Function Calling with Google Gemini 2.0 Flash

Google Gemini 2.0 Flash supports function calling through multiple interfaces, OpenAPI compatible JSON Schema and Python functions defintions with docstrings. If you are using JavaScript/Typescript you currently have to use the JSON Schema interface. The Python SDK google-genai can automatically generate the JSON Schema from the Python function definitions and docstrings. We are going to take a look at both interfaces.

Note: Gemini 2.0 Flash currently doesn't support anyOf type in the JSON Schema.

Lets start with the JSON Schema interface, but before that lets install the google-genai library and make sure we have a Gemini API key. If you don't have one yet you can get one from Google AI Studio.

%pip install "google-genai>=1.0.0" geopy requests

Once you have the SDK and API key, you can create a client and define the model you are going to use the new Gemini 2.0 Flash model, which is available via free tier with 1,500 request per day (at 2025-02-06).

import os
from google import genai
 
# create client
api_key = os.getenv("GEMINI_API_KEY","xxx")
client = genai.Client(api_key=api_key)
 
# Define the model you are going to use
model_id =  "gemini-2.0-flash"

Before we begin, lets quickly test if we have access to the model and can generate some text.

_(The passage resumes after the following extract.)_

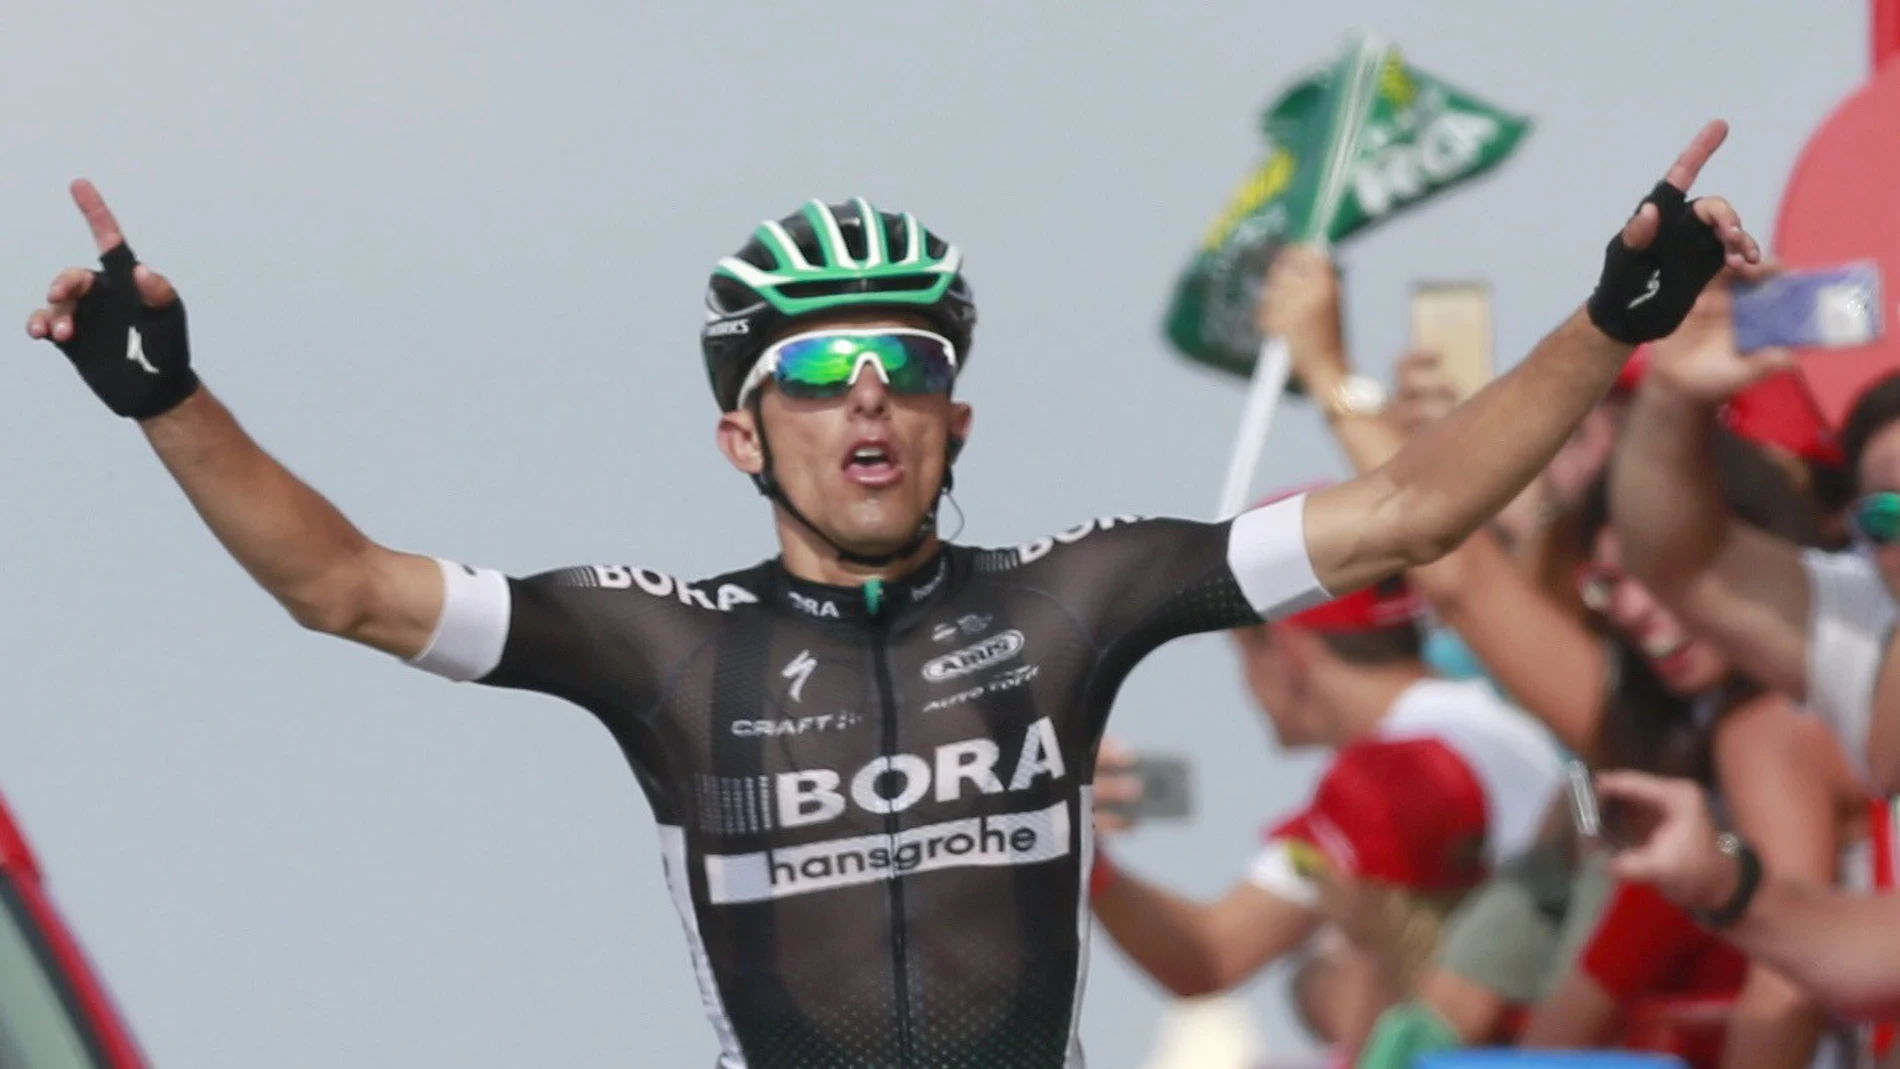 Majka celebra su triunfo en la etapa de la Vuelta

res = client.models.generate_content(
    model=model_id,
    contents=["Tell me 1 good fact about Nuremberg."]
)
print(res.text)
# Nuremberg is home to the oldest Christmas market in Germany, the Christkindlesmarkt, which dates back to the mid-16th century.
 

Function Calling with JSON Schema

For using Function Calling with JSON Schema we need to define our functions as JSON Schema. Let's create a simple weather function as an example. The main parts of the JSON Schema are:

  • name: name of the function, this need to match the name of your function in your code
  • description: description of what the function does. This is important as this information will be used by the LLM to identify when to use the function
  • parameters: JSON schema object of type definition for the input arguments of your function. Each parameter has a type, e.g. string and a description which are used by the LLM what to add here.
  • required: What parameters are required if not all required the LLM might not provide an argument when it thinks its not needed.
weather_function = {
    "name": "get_weather_forecast",
    "description": "Retrieves the weather using Open-Meteo API for a given location (city) and a date (yyyy-mm-dd). Returns a list dictionary with the time and temperature for each hour.",
    "parameters": {
        "type": "object",
        "properties": {
            "location": {
                "type": "string",
                "description": "The city and state, e.g., San Francisco, CA"
            },
            "date": {
                "type": "string",
                "description": "the forecasting date for when to get the weather format (yyyy-mm-dd)"
            }
        },
        "required": ["location","date"]
    }
}

We can now use this function definition and add it to our LLM call. The LLM will then decide on its own if it should "call" the function or return a normal text response. Lets test this. Function declarations are defined in the config object. We use the Pydantic GenerateContentConfig data structure to define the config.

from google.genai.types import GenerateContentConfig
 
# Generation Config
config = GenerateContentConfig(
    system_instruction="You are a helpful assistant that use tools to access and retrieve information from a weather API. Today is 2025-03-04.", # to give the LLM context on the current date.
    tools=[{"function_declarations": [weather_function]}], # define the functions that the LLM can use
)

First lets try without our tool using "Whats the weather in Berlin this today?" prompt.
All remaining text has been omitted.